Facebook may have turned your social life into a mess, but at least you’ve still got that big interview coming up. Just be sure to clean out your profile page before it’s too late. More and more companies are beginning to check the Facebook pages of applicants, and the practice is starting to catch on for school applications as well. Plus, it’s not just photos of you getting drunk and throwing up on that cop that are getting you in trouble; it could be something as simple as a disparaging comment about your workplace or potential campus. So the next time Facebook gives you the option to navigate its labyrinthine privacy options maybe you should try to figure that shit out instead of getting bored and going to play Farmville.
To make matters worse, your Facebook account can land you in jail. Now, don’t get us wrong, if someone is stupid enough to post pictures of themselves committing crimes on Facebook or something idiotic like that then they deserve what they get.
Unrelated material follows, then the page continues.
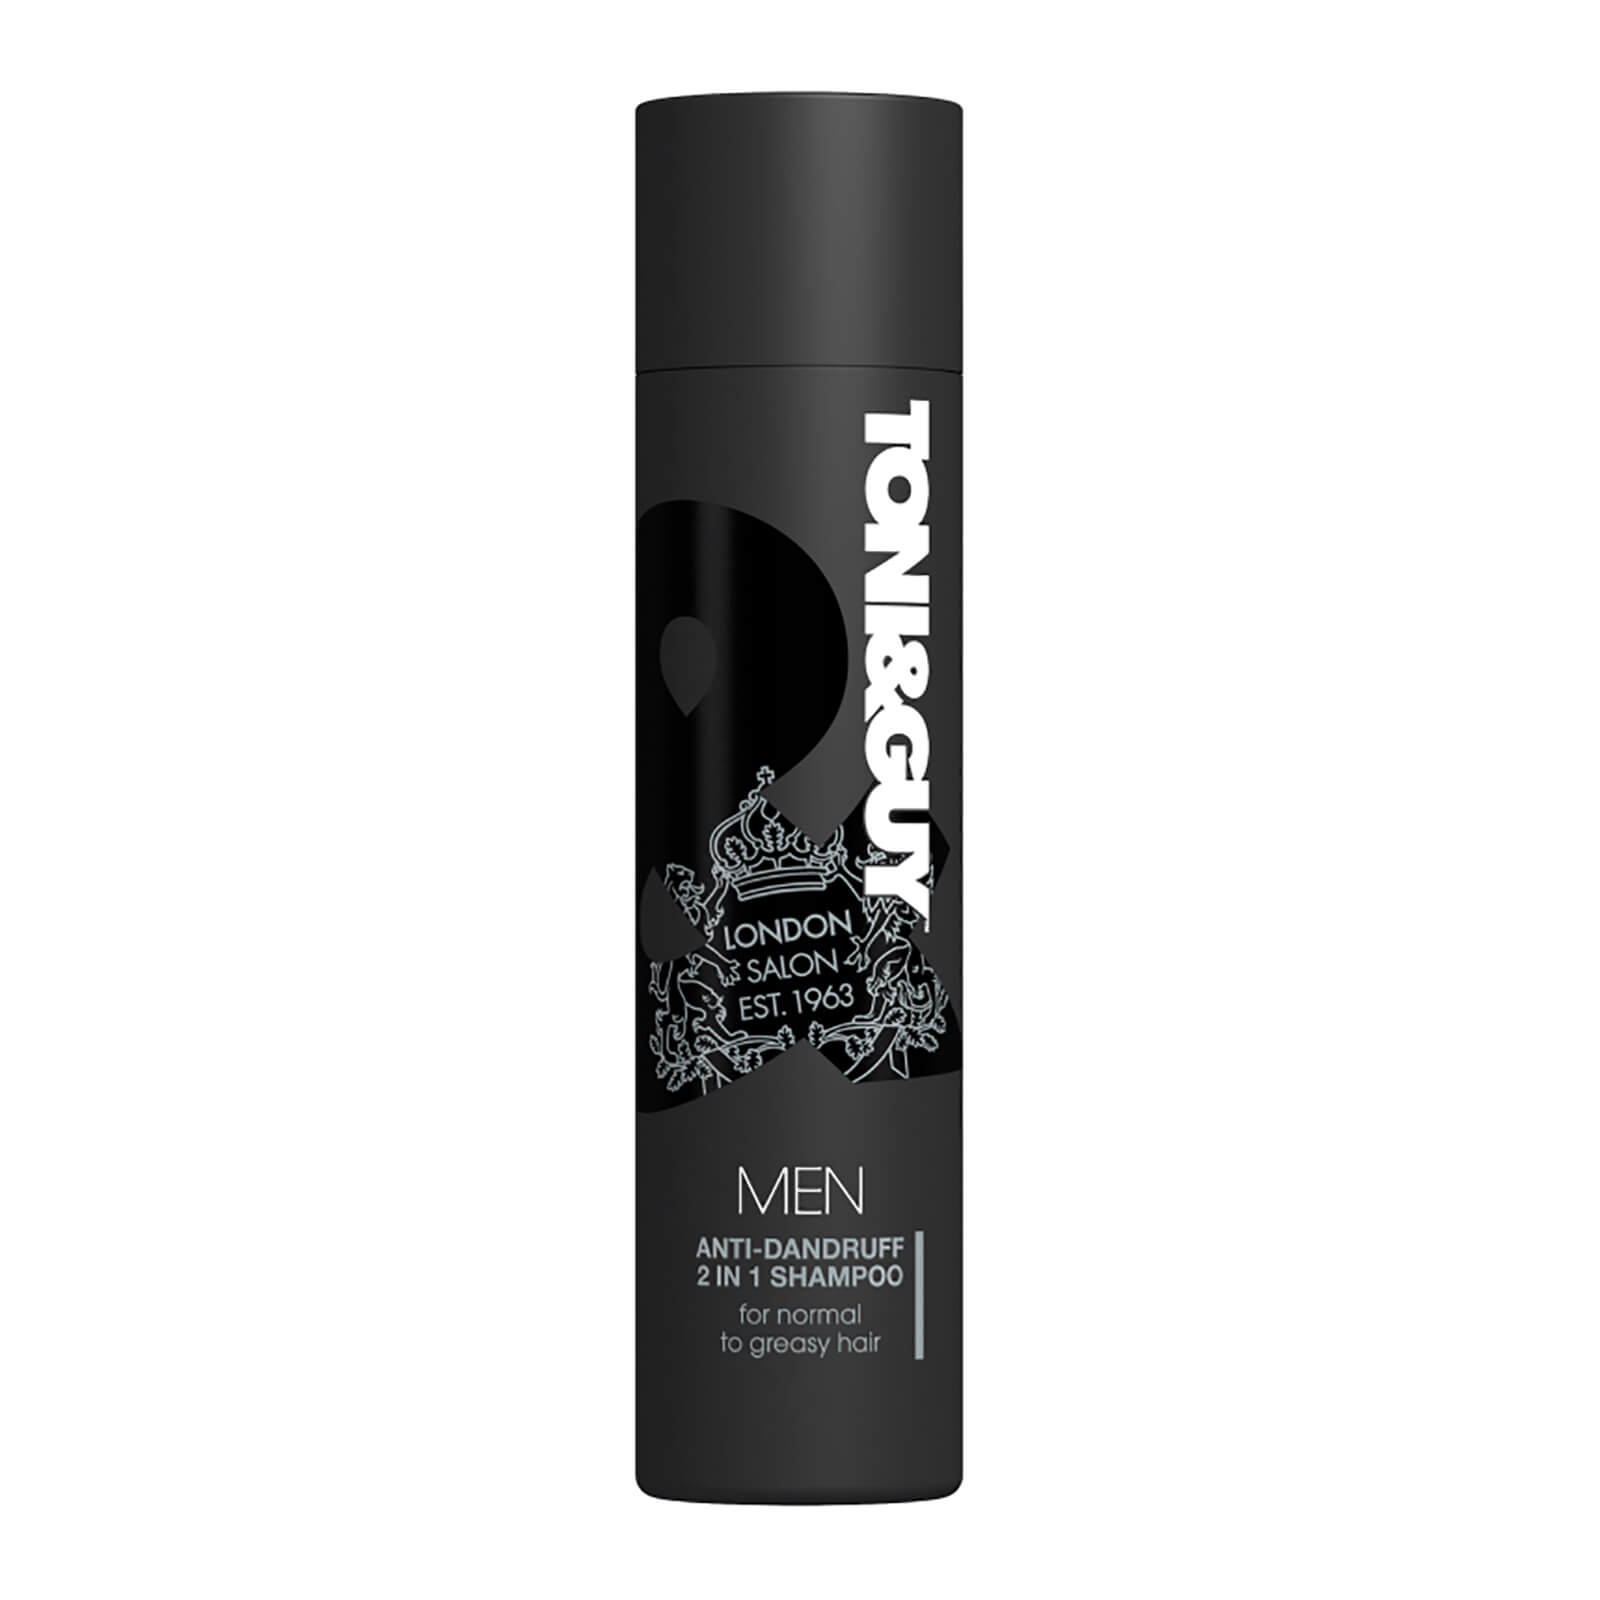 Toni & Guy Men's Anti-Dandruff Shampoo and Conditioner (250ml)

But what if it’s a victimless (and more importantly, a sexy) crime? Like, say, sending revealing pictures to your significant other?
Well, if you’re under eighteen and those pictures get out, that’s enough to get you a charge for distributing child porn. Receiving pictures might not be so good for your record either, so maybe it’s time to stop chasing the 17 year olds. While you’re at it, it would be prudent to make sure no pictures of you, say, smoking marijuana make it to the Internet. We’re sure at least one famous person would be able to tell you why.
Well, Facebook has ruined your social skills, messed up your mind and cost you your job. But hey, at least you still have your physical health, right? Well, you will until Facebook forces you to accept its tumour request.
OK, so we admit that this entry’s title is an exaggeration. There are suggestions that the aforementioned social isolation could alter the way your hormones and other parts of your body work, enough to increase your risk of developing cancer, heart disease, dementia and other problems. However, it’s mostly just speculation at this point so please don’t panic, close your Facebook account and then throw your computer into a lake just to be safe. It will be a long time before anyone can say for sure, especially since there are claims that just about anything can cause health problems these days. Odds are it will turn out to be a silly idea. But it does give you something to think about the next time you find yourself up late at night, stressing out over whether the girl you met at the bar a few hours ago is going to accept your friend request.
And of course, there’s always the risk of Facebook addiction. It’s not a significant problem, especially for those of us who aren’t 14 year old girls, but under the right circumstances the idea isn’t entirely unfeasible. If people are dedicating far more time for Facebook than they are for the rest of their life there’s a good chance it’s because the rest of their life sucks, and Facebook is just one way to escape that fact. That’s better than escaping with drugs or alcohol, but there are still better ways to deal with the problem. Either work hard to improve your life, or at the very least switch over to a porn addiction instead.